Я был тихим ребёнком. Мама с папой целыми днями работали. Родители рассказывали, что высыпали игрушки на пол и я мог играть сам с собой часами. Я не кричал, не капризничал, мне было комфортно наедине с собой. Из-за того, что я много времени проводил один, у меня развилась бурная фантазия. Я обожал придумывать. Часто представлял, что игрушки живые и общаются между собой. Мечтал быть супергероем, спасать людей. Из-за нехватки внимания я был зависим от одобрения, и роль спасителя меня привлекала. Я старался помогать по дому, чтобы меня похвалили. Однажды даже попытался пропылесосить комнату. К сожалению, пылесос сломался, и больше мне его не давали, а после этого вообще запретили помогать по дому.

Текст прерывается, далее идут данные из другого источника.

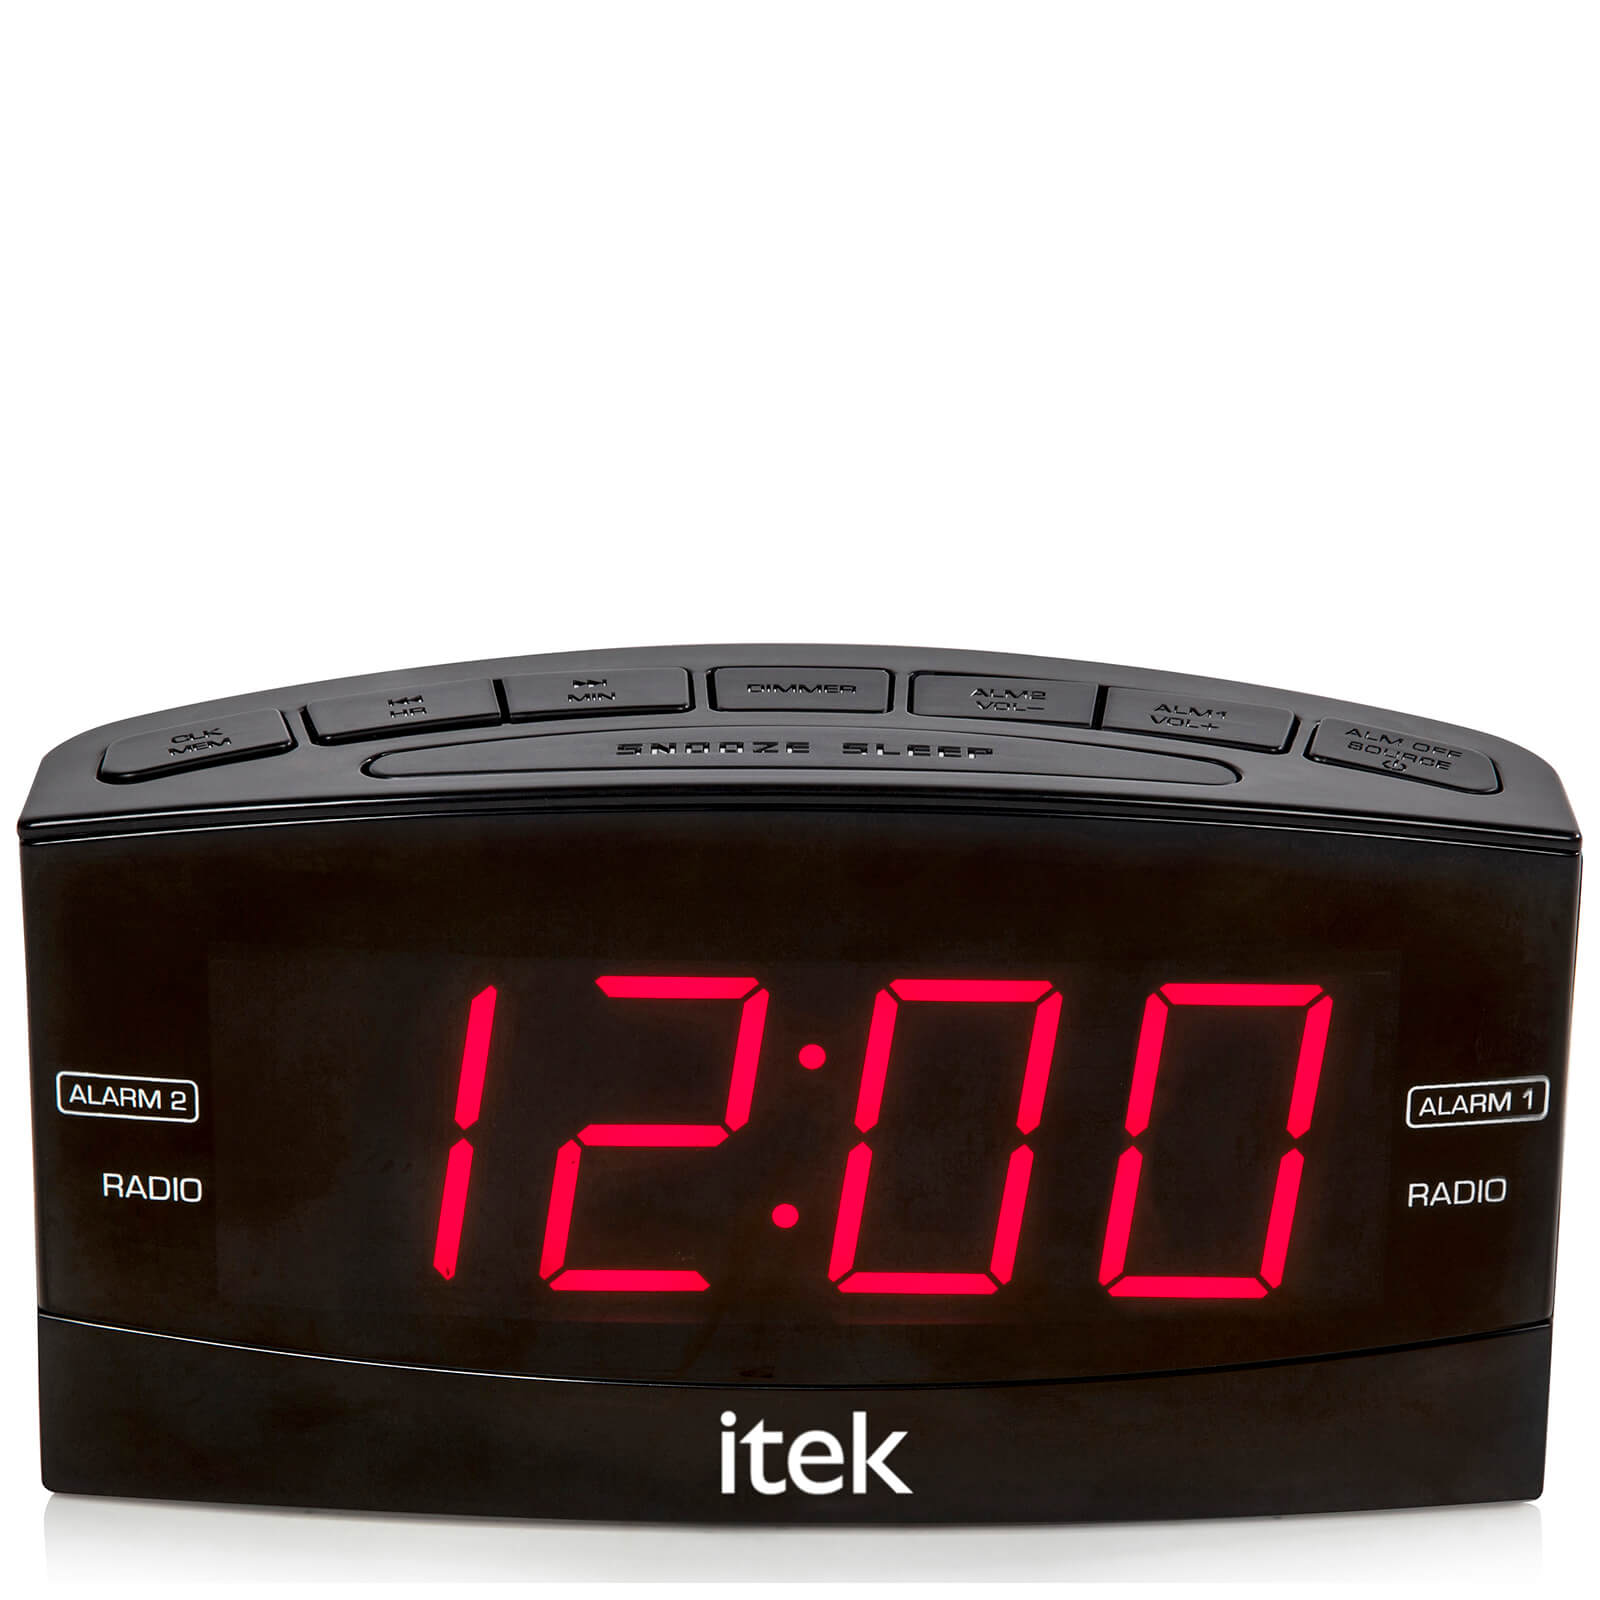 iTek Senior Big Button Jumbo LED Alarm Clock Radio - Black | IWOOT1600 x 1600

Когда мне было четыре года, во мне обострилось сильное чувство справедливости. Помню, я познакомился с мальчиком со двора, у которого была большая коллекция резиновых динозавров. Однажды он рассказал, что потерял одного динозавра, вроде бы забыл в песочнице, но теперь его там нет. Мы долго искали, но так и не нашли.
На следующий день я увидел, как другой ребёнок играет с точно таким же динозавром, который потерял мой друг. Я ни секунды не раздумывал: подбежал, выхватил игрушку и помчался домой. Мы тогда жили на девятом этаже, лифта не было, но я был в таком эмоциональном подъёме, что добежал до квартиры без отдышки. Мне казалось, что я совершаю великое дело. Буквально подвиг Геракла. Представлял, как сильно обрадуется мой новый друг и как меня похвалят.
Я всё рассказал маме. Она быстро поняла, что происходит, и мы вместе пошли во двор устраивать очную ставку. К сожалению, моё ликование длилось недолго. Оказалось, что это был не тот динозавр. Просто очень похожий. Мне пришлось вернуть игрушку и извиниться. Я был разочарован. Казалось, что я был так близко к тому, чтобы стать тем, кем представлял себя в фантазиях: сильным, мужественным, храбрым Рустемом.